One thing that amazes me is how the national pollsters and pundits are able to report on the national mood of the public without, apparently, ever talking to a single person who manufactures or distributes goods. True, these types of people are getting much harder for the pollsters to find, as the number of layoffs continues to climb. According to the most recent employment figures, the U.S. manufacturing industry lost more than 160,000 people in March, while transportation and warehousing shed an additional 34,000 jobs. And yet, amazingly, Congressional approval ratings are at their highest levels in four years, according to Gallup (admittedly, a 39% approval rating is still pretty abysmal), despite the government’s miserable track record of sitting on its hands while lines of credit dry up, companies go out of business and entire industries are on the critical list.
It’s pretty much a given that our elected officials don’t have the first clue about what happens within the nation’s industrial supply chain. The government knows how to raise taxes or cut taxes, how to regulate or deregulate, but in terms of understanding how companies actually make and move stuff, they don’t seem to know much at all. And frankly, I don’t think they care.
Now, in normal times—meaning during periods when the economy hasn’t completely cratered—the government is at best a help, at worst a hindrance to growth, while most companies are allowed to succeed or fail on their own. Thanks to the recession, though, that level of corporate self-reliance is gone, and your ability—and your customers’ ability, and your suppliers’ ability—to get the financing to expand your operations or invest in developing new products has pretty much dried up.
And so now the government, in its infinitesimal wisdom, has decided that the best thing it can do is step in and start taking over our banks, our insurance companies, our healthcare system, and perhaps most troubling of all, our manufacturers. I woke up the other night in a cold sweat, trying to shake off the nightmare of sitting behind the wheel of a new GM car designed by a government committee.
Meanwhile, the Material Handling Industry of America says that recovery in the market for new material handling equipment will begin early in the year. Unfortunately, the year in question is 2011. New orders are expected to be down as much as 20% this year and maybe off another 10% in 2010.

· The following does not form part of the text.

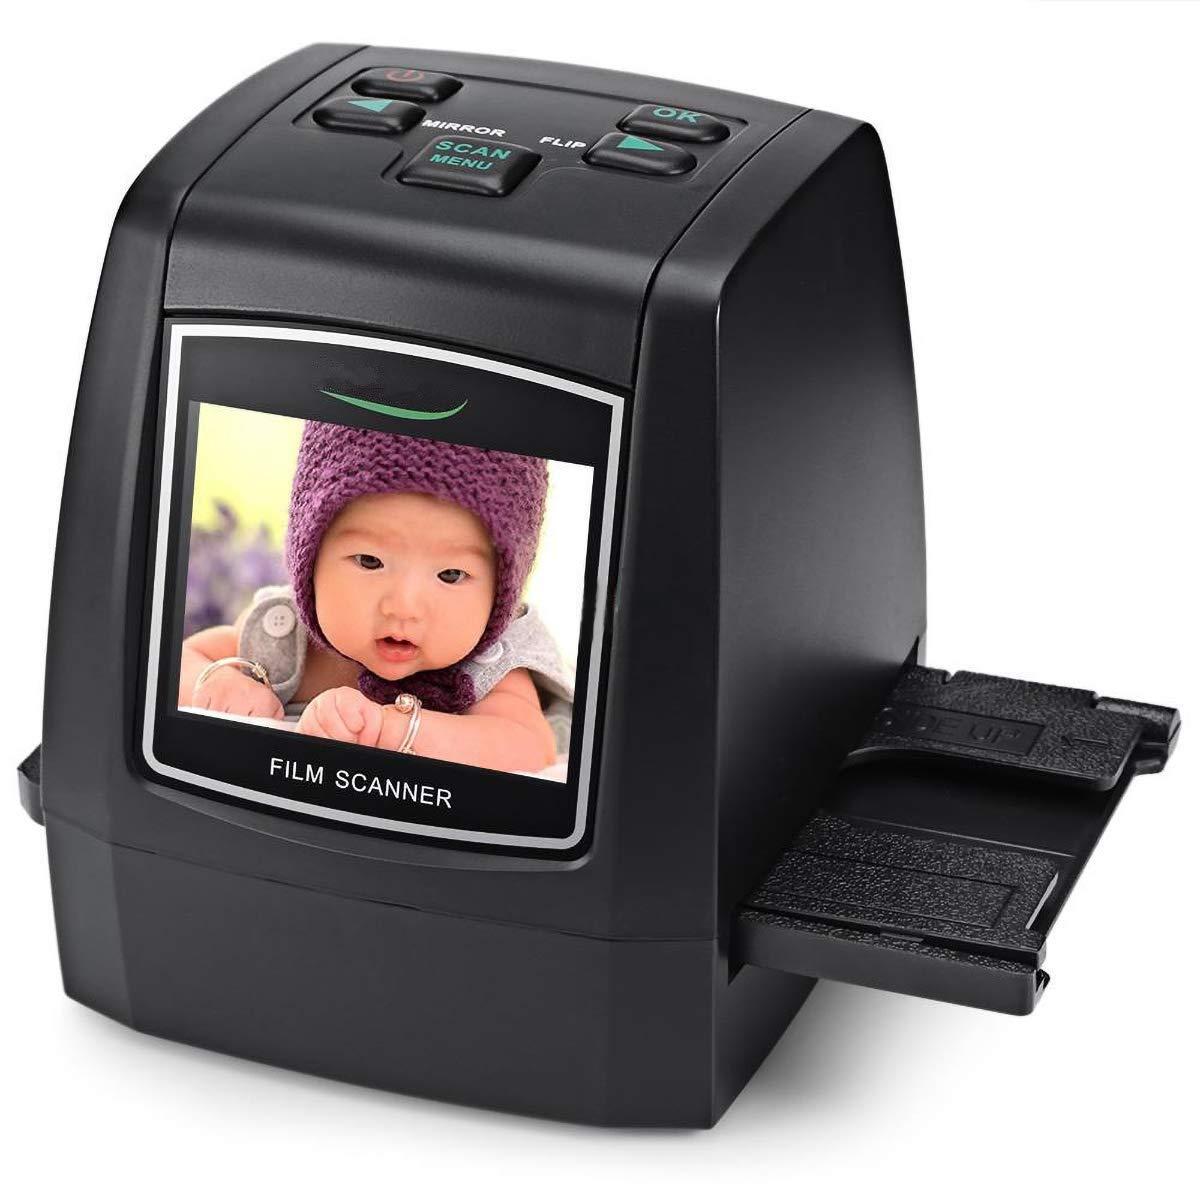 110 Film Scanner for 35mm Film Slides and Negatives 126 Film 22MP Max 135 Film 14 Megapixel Film Scanner to Convert Film Negatives and Photo Slides to JPG Digital Files

Actually, there is some good news in all of this. As maligned and ignored as U.S. manufacturers often find themselves, when they get up a good head of indignant steam, they can still be a force to be reckoned with. Case in point: the so-called Employee Free Choice Act, aka the card check. When word got out among U.S. businesses about the potential economic havoc this bill could wreak, enough Congressional arms were twisted to slow down the bill’s momentum, and perhaps stop it dead in its tracks. So there is still power in numbers.
No doubt about it; 2009 is going to be a tough year, but while the government tries to reach its tentacles into every nook and cranny of our factories and warehouses, you still have control over1. Steady as she goes and pray for the best.
2. Cut to the bone and hope for the best.
3. Do things better and learn from the best.
Now, prayer and hope are always good ideas, but we’ll leave those up to you. Here at MHM, we’ll focus on Strategy No. 3 as we continue our mission of offering insights and best practices from the heart of American industry, with the goal of helping everybody get better. We’ll get through this recession together, on a hope and a prayer and a heaping helping of best practices.